**ABOUT THIS TASK:** Your copy should match the listing below exactly, except that it holds no images.

**GIVEN INFORMATION:**
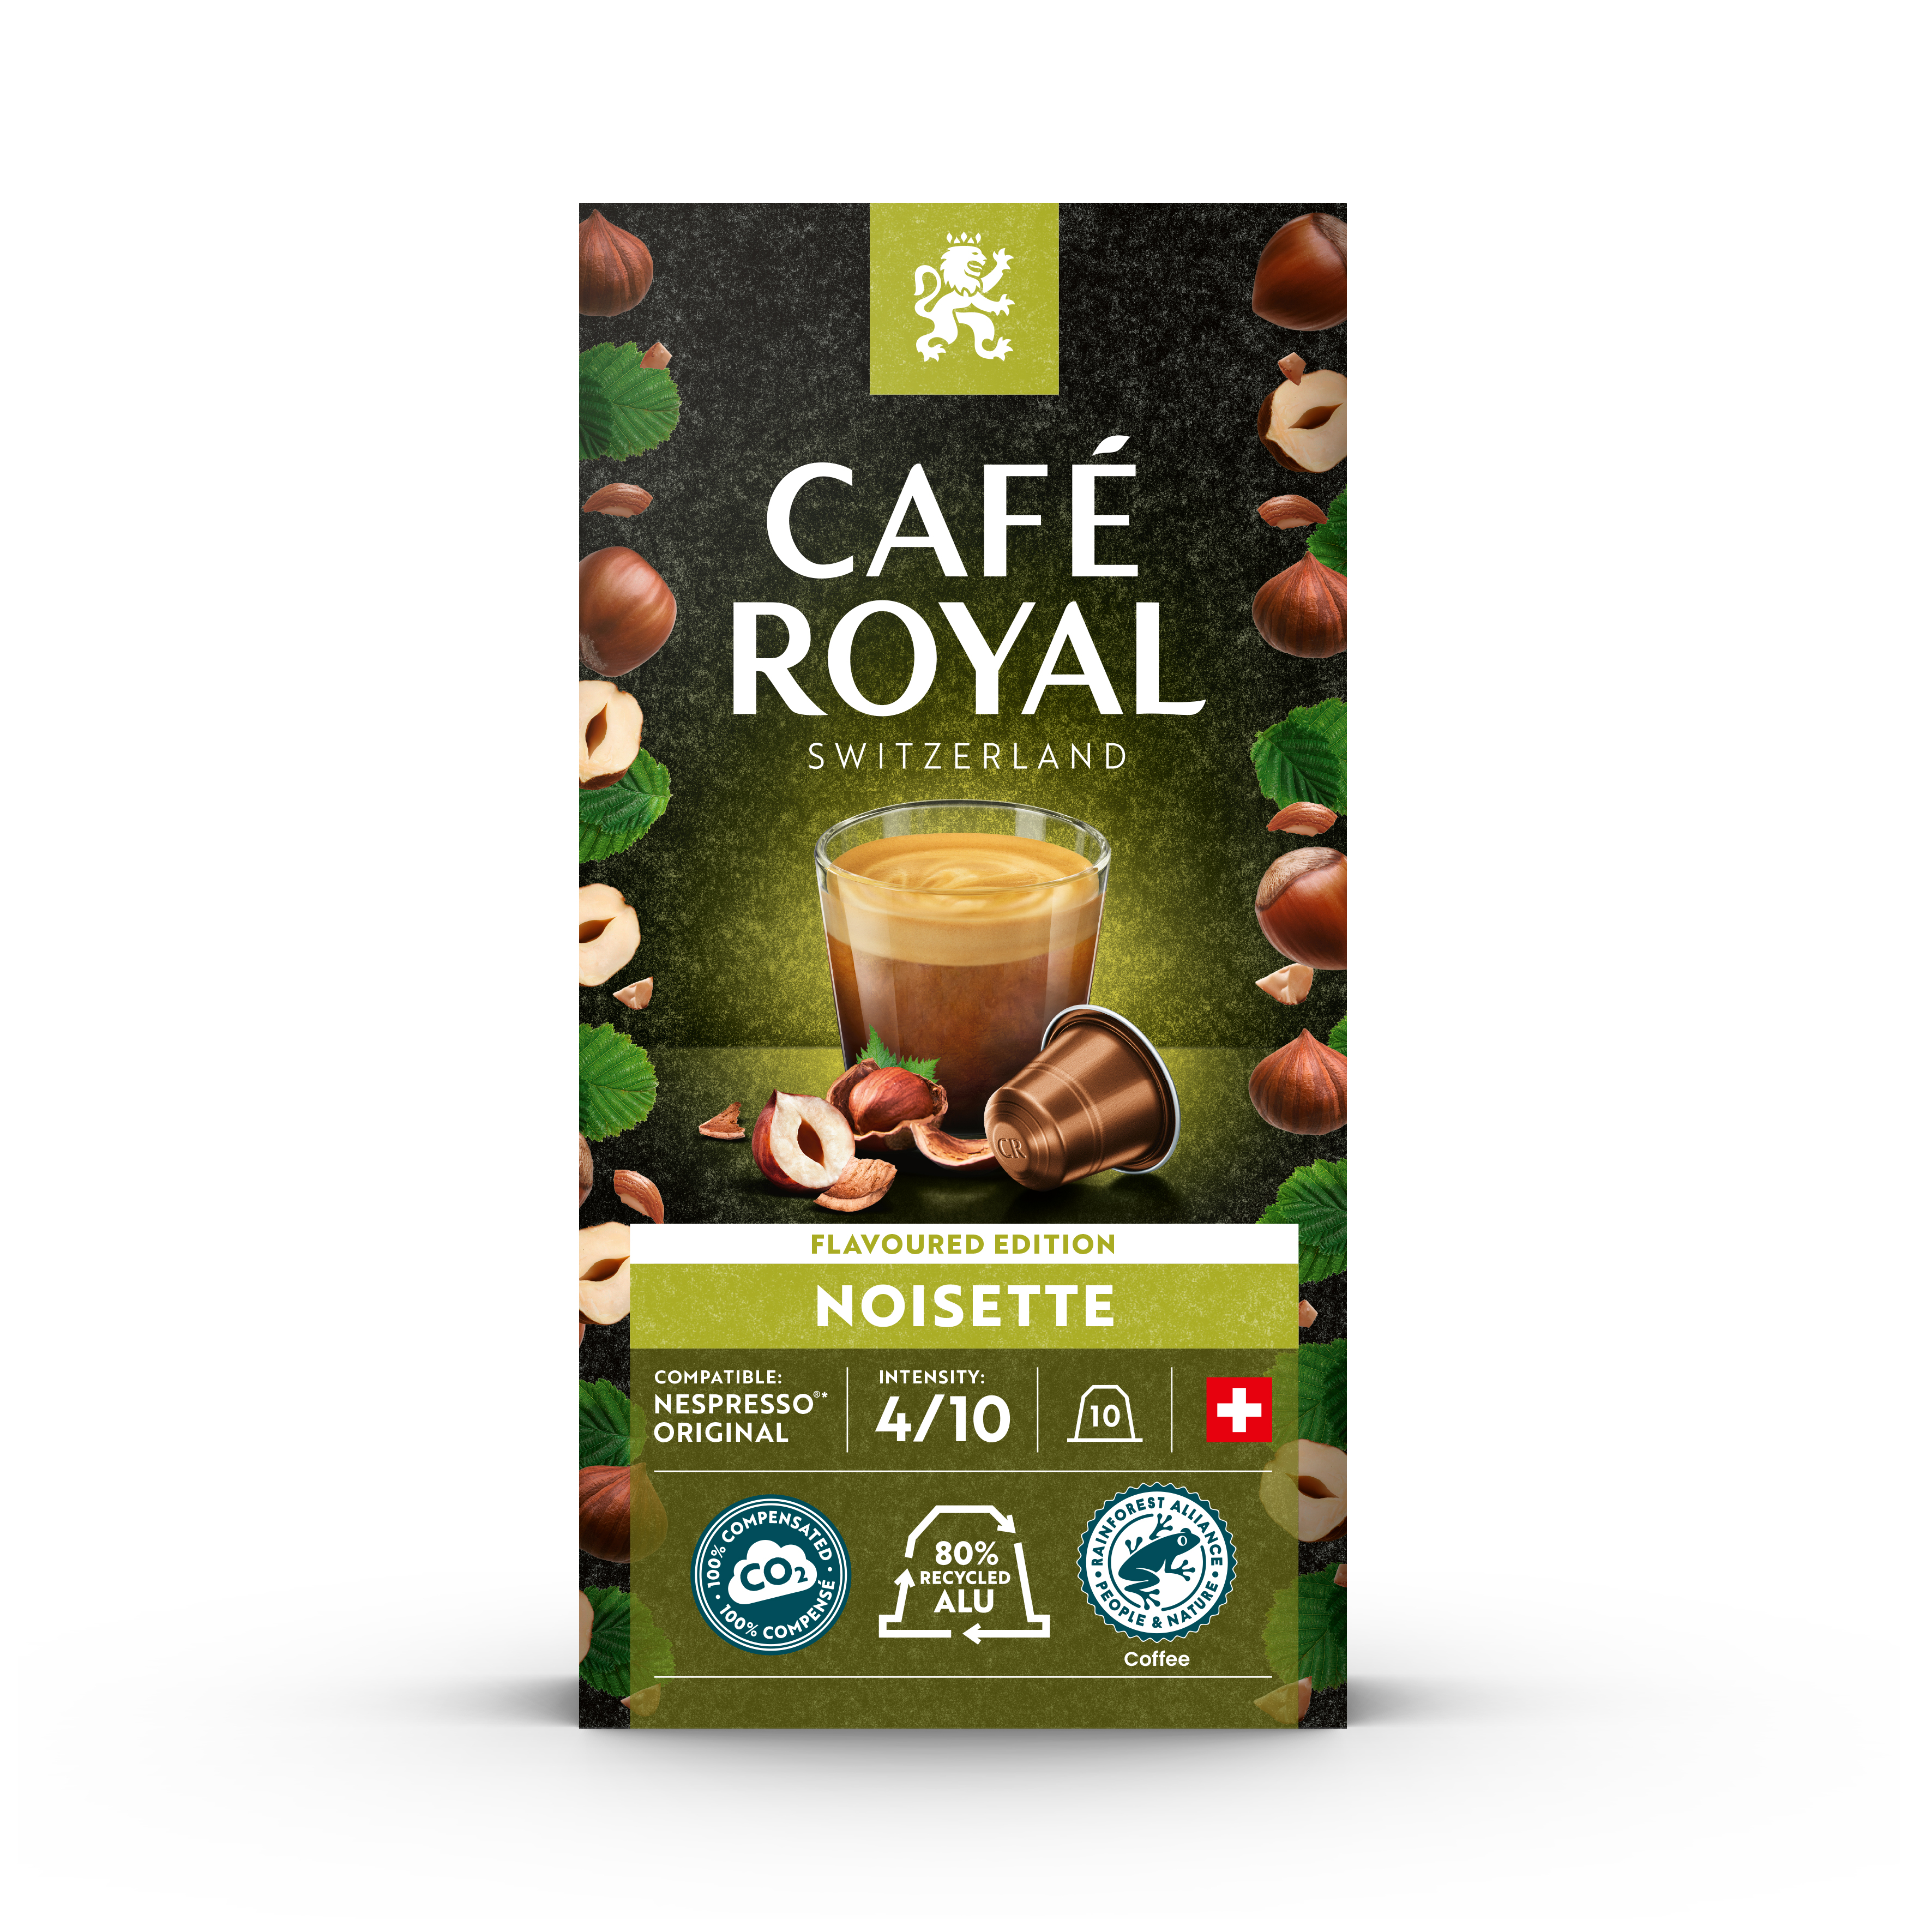 Café Royal arrive sur le marché français des capsules compatibles Nespresso
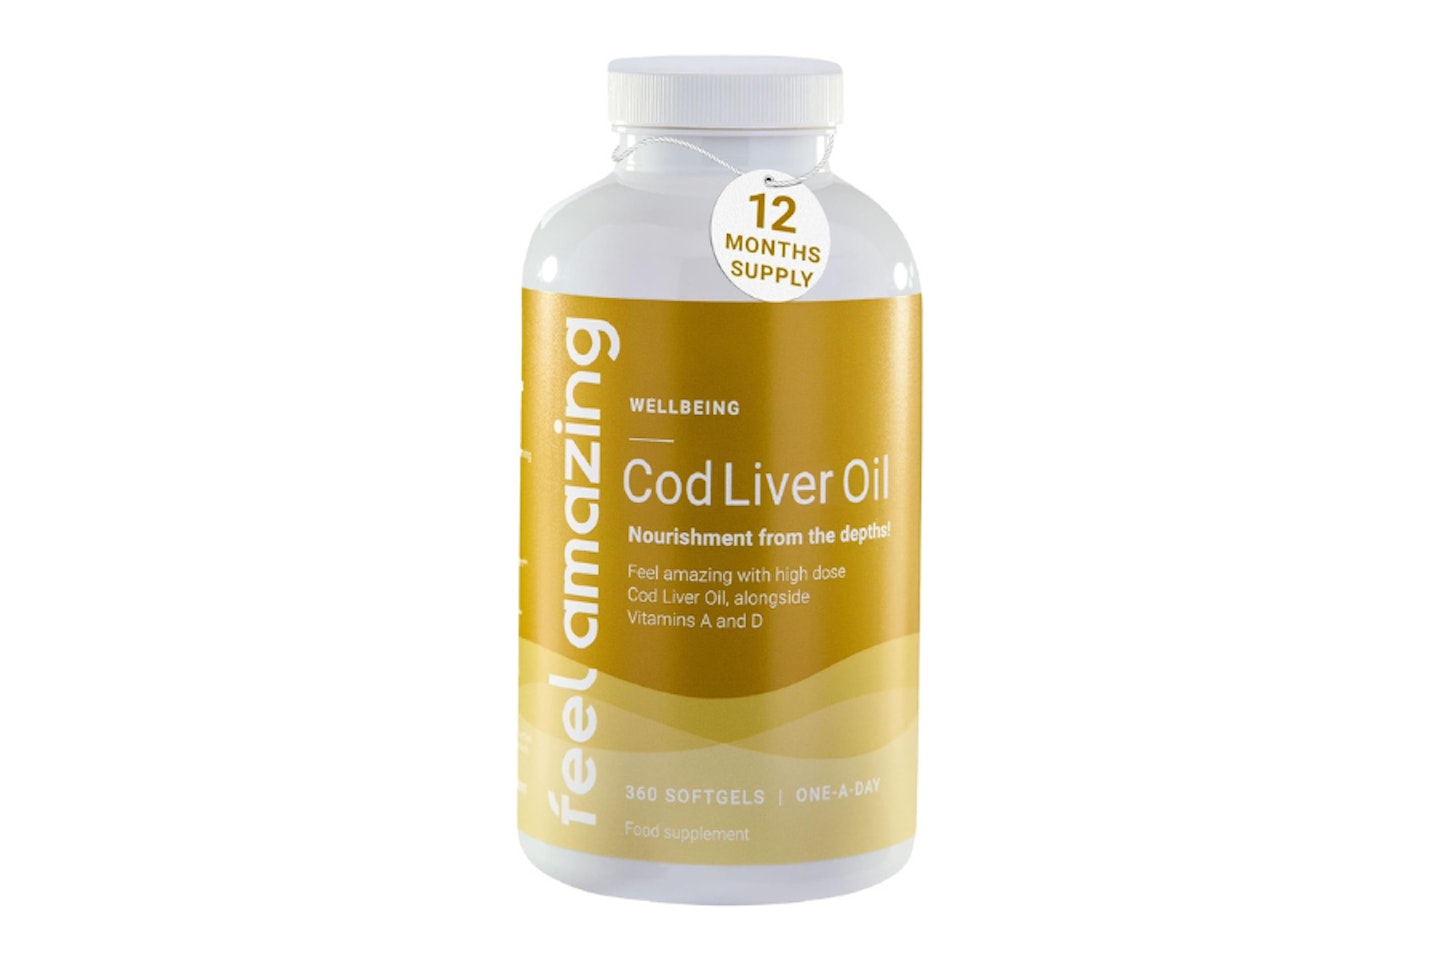 
Cod Liver Oil 1000mg - 360 Softgels
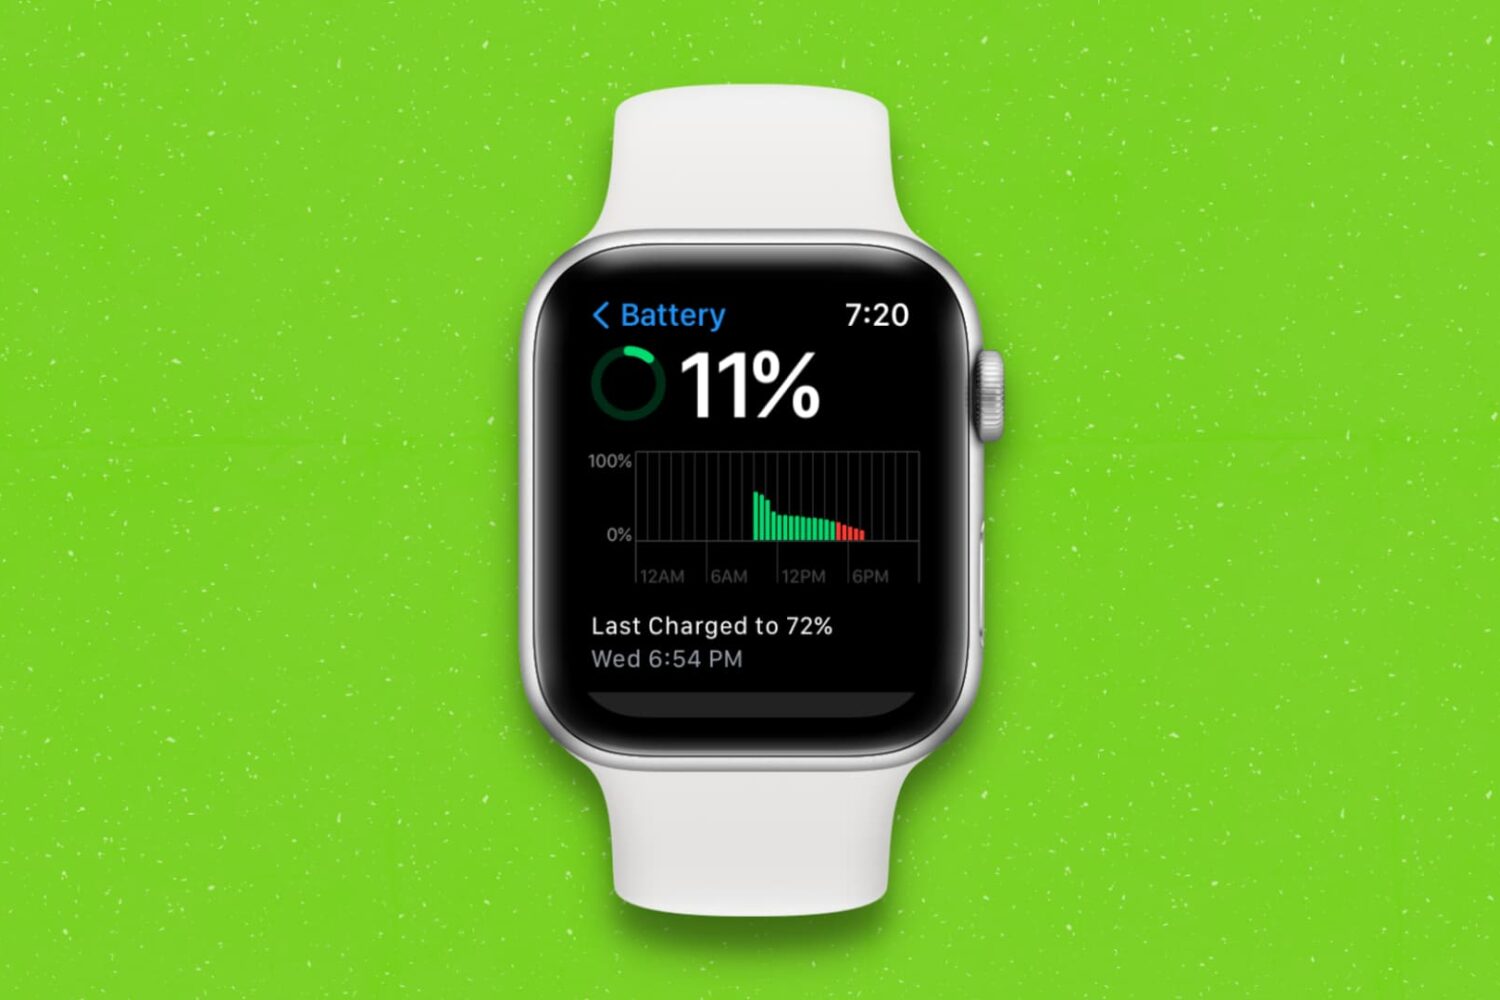 Battery settings on Apple Watch

**WORKED SOLUTION:**
 Café Royal arrive sur le marché français des capsules compatibles Nespresso
Cod Liver Oil 1000mg - 360 Softgels
 Battery settings on Apple Watch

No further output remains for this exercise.